Sports are as much about fandom and conversation as they are
about watching games, and for a long time ESPN’s hit show
“SportsCenter” owned that conversation.

Not only did it have a lockdown on all the key highlights on a
given day, but it had hipster anchors like Dan Patrick, Keith
Olbermann, and Stuart Scott tossing off catchphrases and building
devoted followings of their own.

Now, for many young fans, the trash talk and highlight reels are
found on social media, in shareable digital videos on Facebook
and through
witty posts on Instagram
or Twitter. And instead of coming
from ESPN, they’re coming from newer rivals like Bleacher Report
and Barstool Sports. This is especially true in the
exploding world of social video.

ESPN says it has different objectives than the
startups when it comes to social media. Critics say this shows
that the Disney-owned network doesn’t seem to understand the
challenges heading its way as viewer behavior
changes.

“How people are consuming sports content is changing
in a lot of ways,” said Adam Mendelsohn, media and communications
adviser to NBA star LeBron James. “You have new platforms
delivering sports-specific content to fans.”

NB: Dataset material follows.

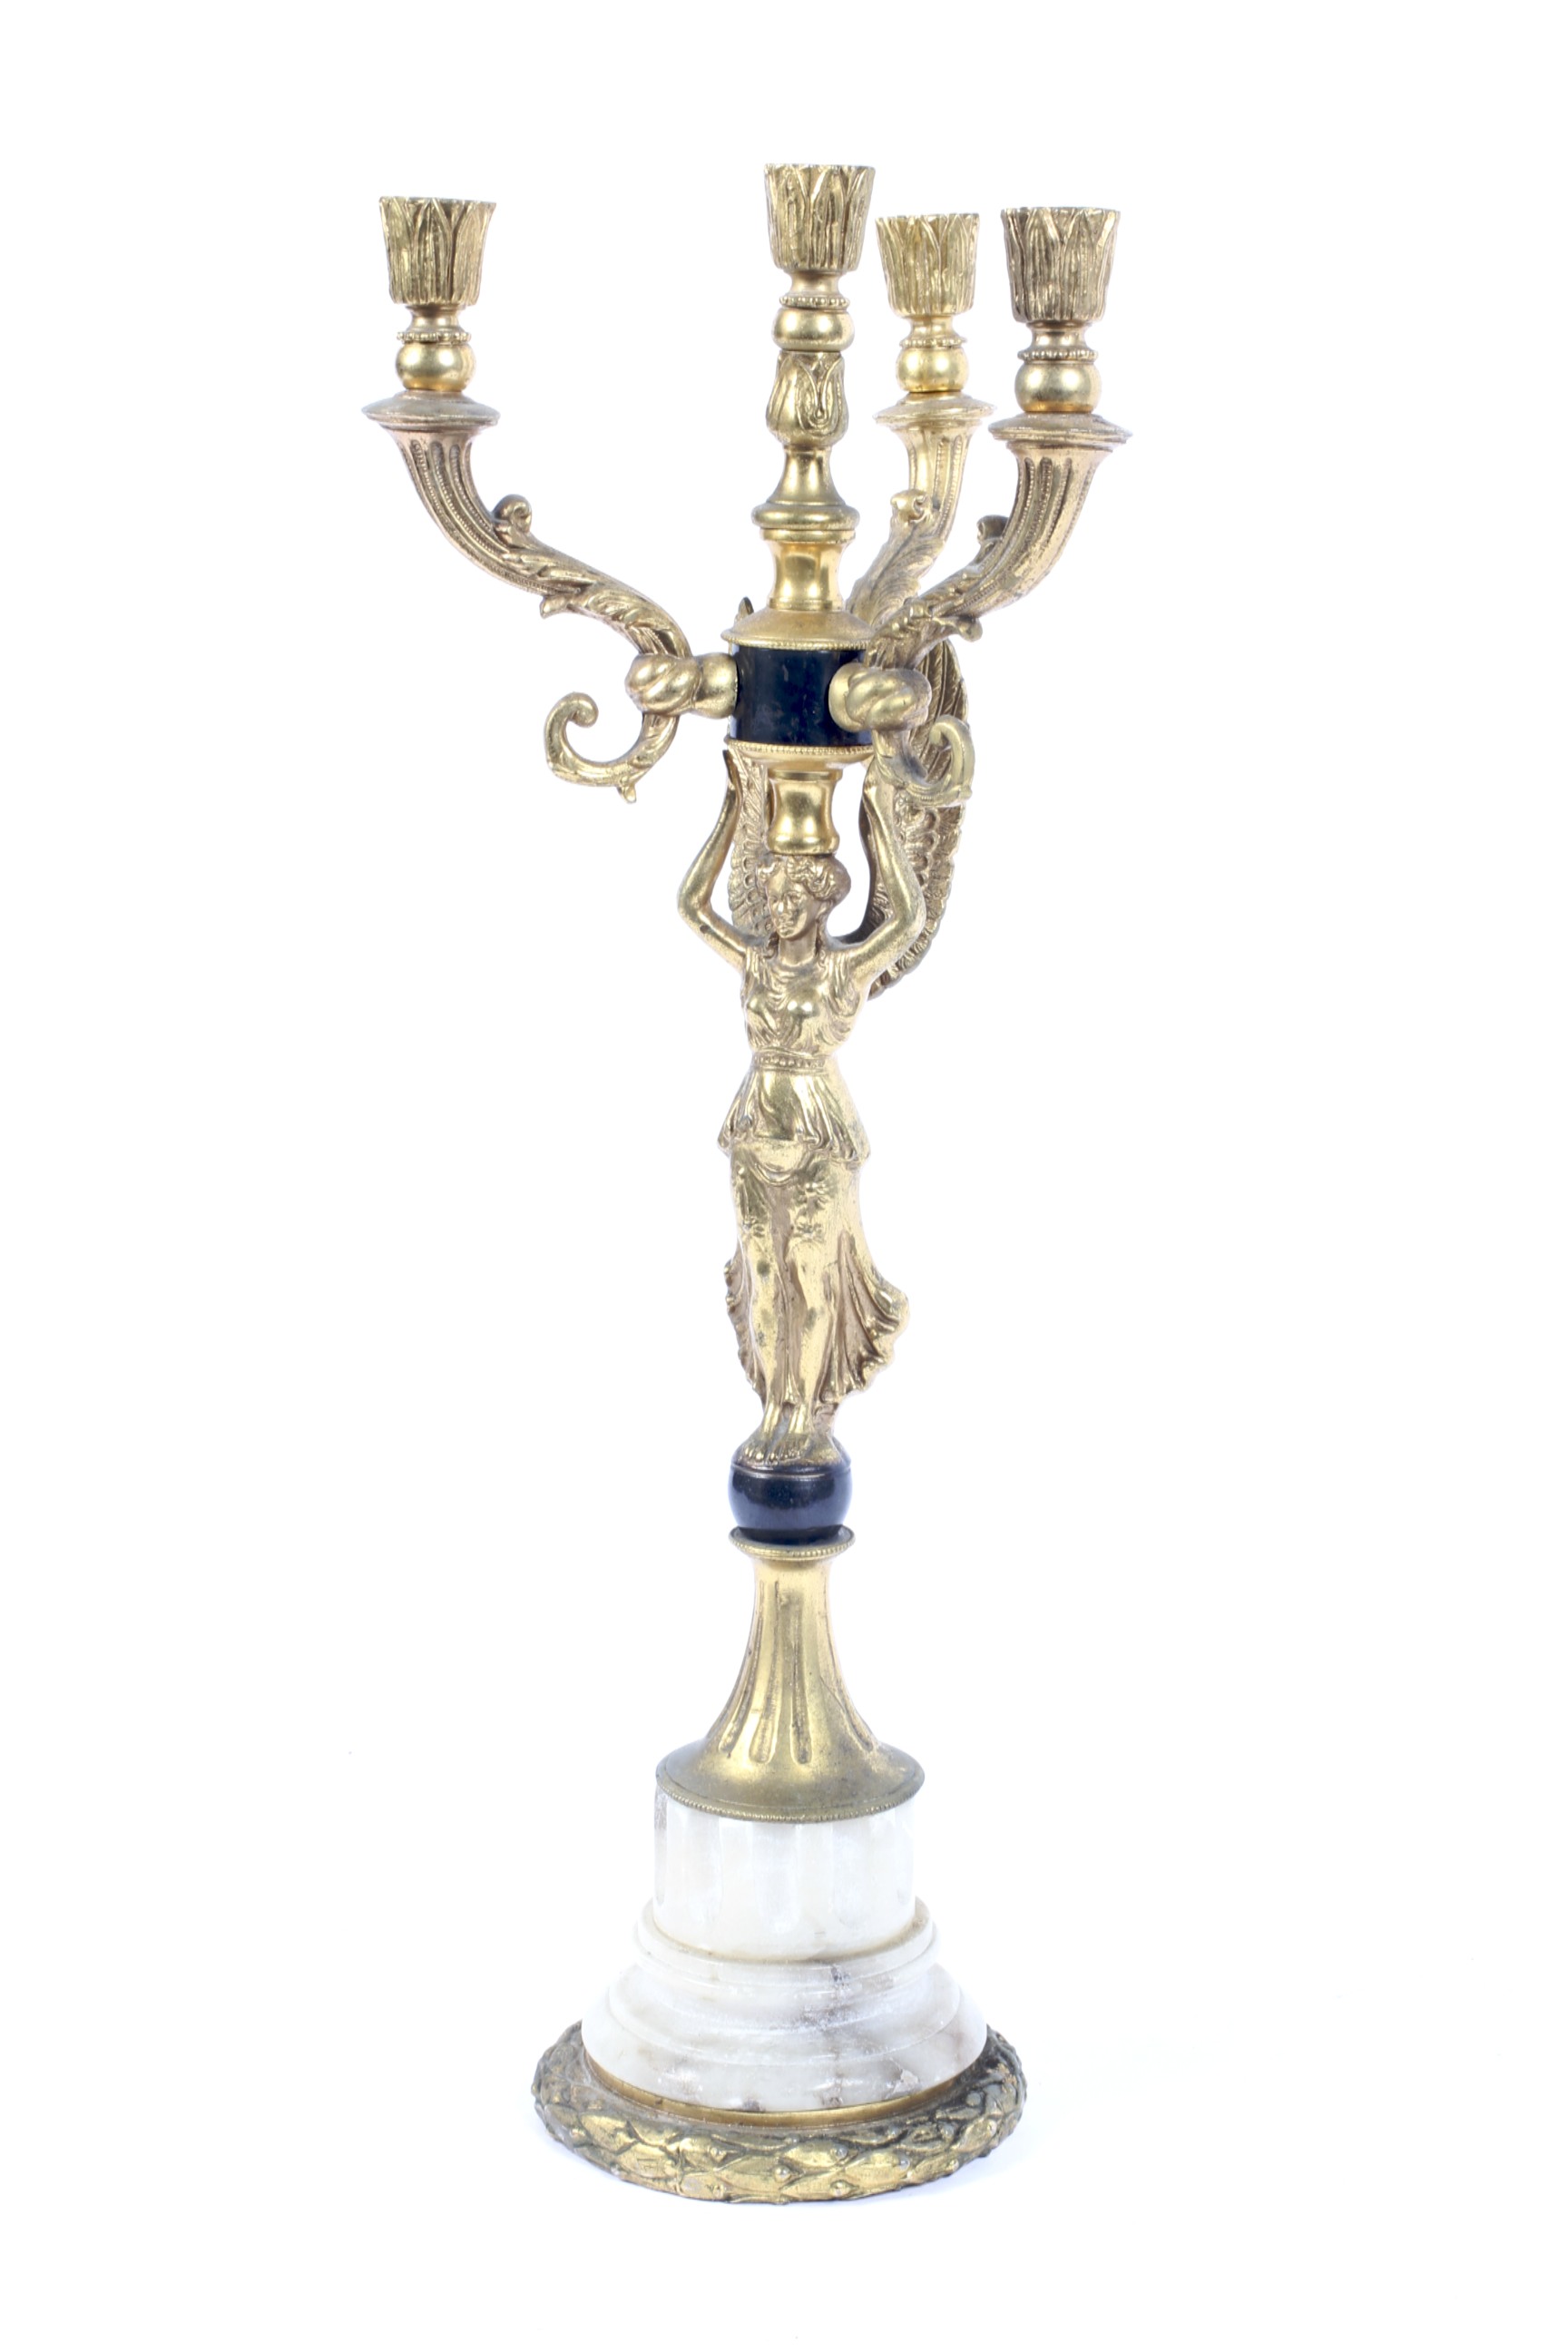 An early 20th century Empire style gilt-metal mounted four-light candelabra.

Though it’s still profitable, and generating billions in revenue
thanks to exclusive deals with major sports leagues for live
games, the once invincible business model has been
autopsied incessantly
as profits have fallen and layoffs
followed. The 11 p.m. broadcast of SportsCenter in saw its
audience of 18- to 49-year-olds fall 18% in August, compared with
last year, Nielsen data show.

Some culprits ESPN can’t really control — like
cord-cutting
by viewers tired of paying high cable bills, or
a drop in
NFL ratings
. Also, it has found itself caught up in the
political conversation as it faces accusations — including from
President
Donald Trump
— of
a hidden liberal bias
.

But ESPN does have control over how it engages sports fans
online. There’s no reason to expect the erosion of cable-sports
subscriptions and viewership to end. And while
the rights to broadcast a live game
are safe, for now, the
network’s soft underbelly is all the programming that isn’t a
live game.

“The live game is still the premiere product and still has high
demand for advertisers,” Mendelsohn said. “What is created around
that is what is changing rapidly. Those advertising dollars that
go to ‘SportsCenter’ and afternoon talk shows are in
question.” 

‘Just talk to a 24-year-old’

ESPN’s fast-growing digital rivals say the network’s focus
on broadcast means it has missed a chance to keep its brand
relevant, and they see an opportunity to gloat about it.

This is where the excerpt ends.